The gate embedded beneath the lowest platform pulsed once, red ether shifted like an animal lifting its head.

Mara’s hands froze over the console. "Oh."

Liam looked down sharply.

The gate pulsed again, light crawling through old lines he had thought dormant, not fully awake, not connected enough to answer anything without deliberate activation. But the ether below moved toward Arik the way a happy pet might run toward the sound of its owner’s voice.

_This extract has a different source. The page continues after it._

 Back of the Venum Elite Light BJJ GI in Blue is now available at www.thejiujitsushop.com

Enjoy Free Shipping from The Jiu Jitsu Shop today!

Arik stopped near the observation rail.

The brooch at his collar still restricted him. Liam could see the faint red-and-gold owl pinned there, could see the suppression field biting down around his ether signature like a poorly made cage trying to hold back weather. And still the Vanguard answered him.

Or not the Vanguard.

The gate.

The old, impossible thing underneath Liam’s beautiful illegal machine.

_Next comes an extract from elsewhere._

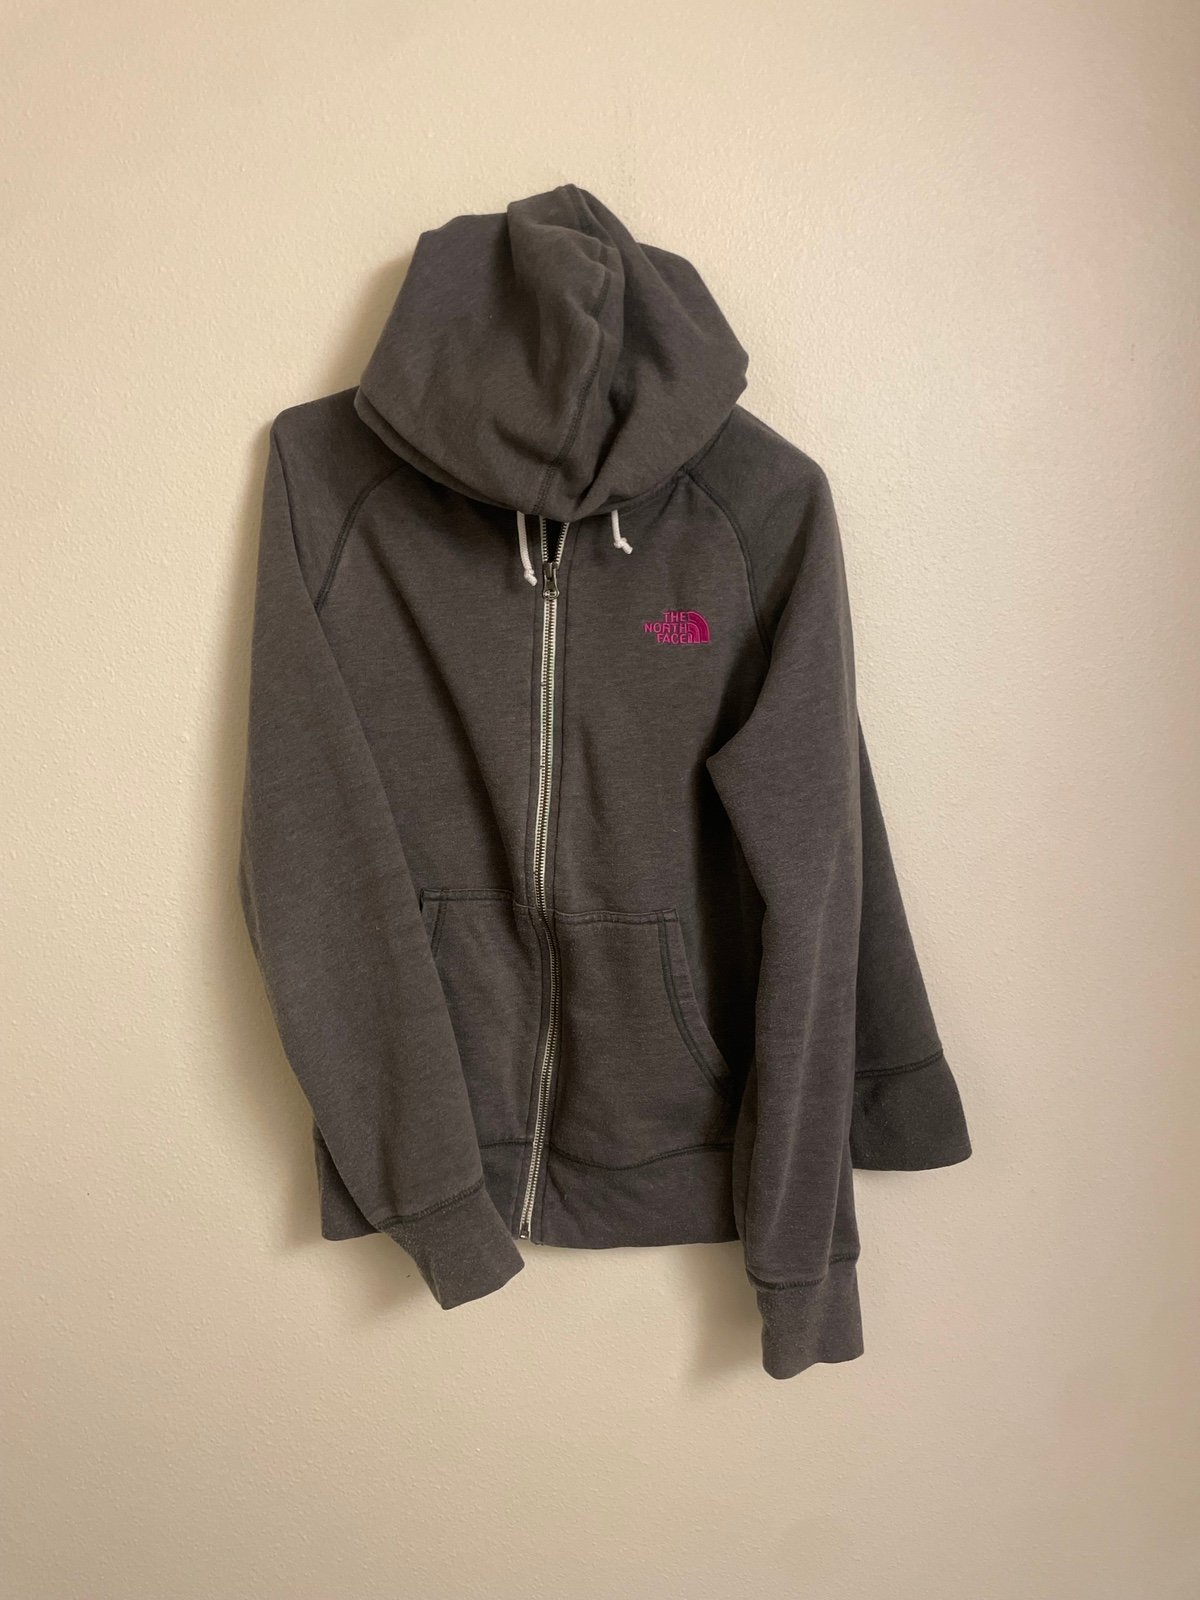 Promotions  The north face sweatshirt size XL NkiRFGLdM Discount

Arik’s golden eyes lowered toward the chasm.

For one second, something that was not entirely Arik looked back.

Then his gaze returned to Liam, and the ether quieted.

Mara swallowed and took one careful step away from the console. "I suddenly remembered a diagnostic in the lower archive."

"You do not have a diagnostic in the lower archive," Liam said.

"I do now."

She fled with admirable speed.

Stanford remained by the door, expression blank.

Mezos stood behind Arik, looking like a man who had decided the diplomatic and metaphysical situations were now equally intolerable.

Liam lifted his chin. "You received Rex’s message."

"I received several messages," Arik said.

His voice was calm.

That was bad.

Liam hated that tone.

It had none of the heat he could argue against. No raised voice, no visible anger, no dramatic alpha posturing that would allow Liam to become cold and superior in response.

It was the tone of a prince who had done with waiting.

"You are going to say something unreasonable," Liam said.

Arik walked slowly toward him, making the platform seem smaller with each step.

"No," Arik said. "I am going to say something overdue."

Liam’s fingers tightened around the wrench still in his hand. "I have been working."

"You have been hiding."

"I have been repairing a turbine."

"You have been sleeping in your lab."

"I was tired."

"You were avoiding my suite."

Liam tried his best to find an excuse, but his brain refused to help.

Arik stopped in front of him, close enough that the bond surged warm and immediate between them, close enough that Liam could smell him under the metallic bite of ether and heated machinery.

Warm stone. Caramel. Possessive restraint fraying at the edges.

"I asked you to come back," Arik said.

Liam looked away first, which was unforgivable.

"I had work."

"You always have work."

"The Vanguard does not repair itself."

"No," Arik said. "But it has become a convenient excuse."

Liam’s eyes narrowed. "Careful."

Arik smiled faintly, but there was no amusement in it.

"I have been careful for a week, Liam."

The words landed harder than Liam expected.

The gate pulsed again below them, faintly this time, as if agreeing with him.

Arik’s gaze did not waver. "I let you stay because you needed the lab. I let you avoid the residence because the bond was new, and you do poorly with being cornered. I let you pretend exhaustion was the reason you kept sleeping here, because I knew if I pushed too hard, you’d turn this entire platform into a battlefield and call it maintenance."

Liam made a tsk sound, pouting that it was in fact what he wanted to do.

"We need to talk." Arik said with an extended hand.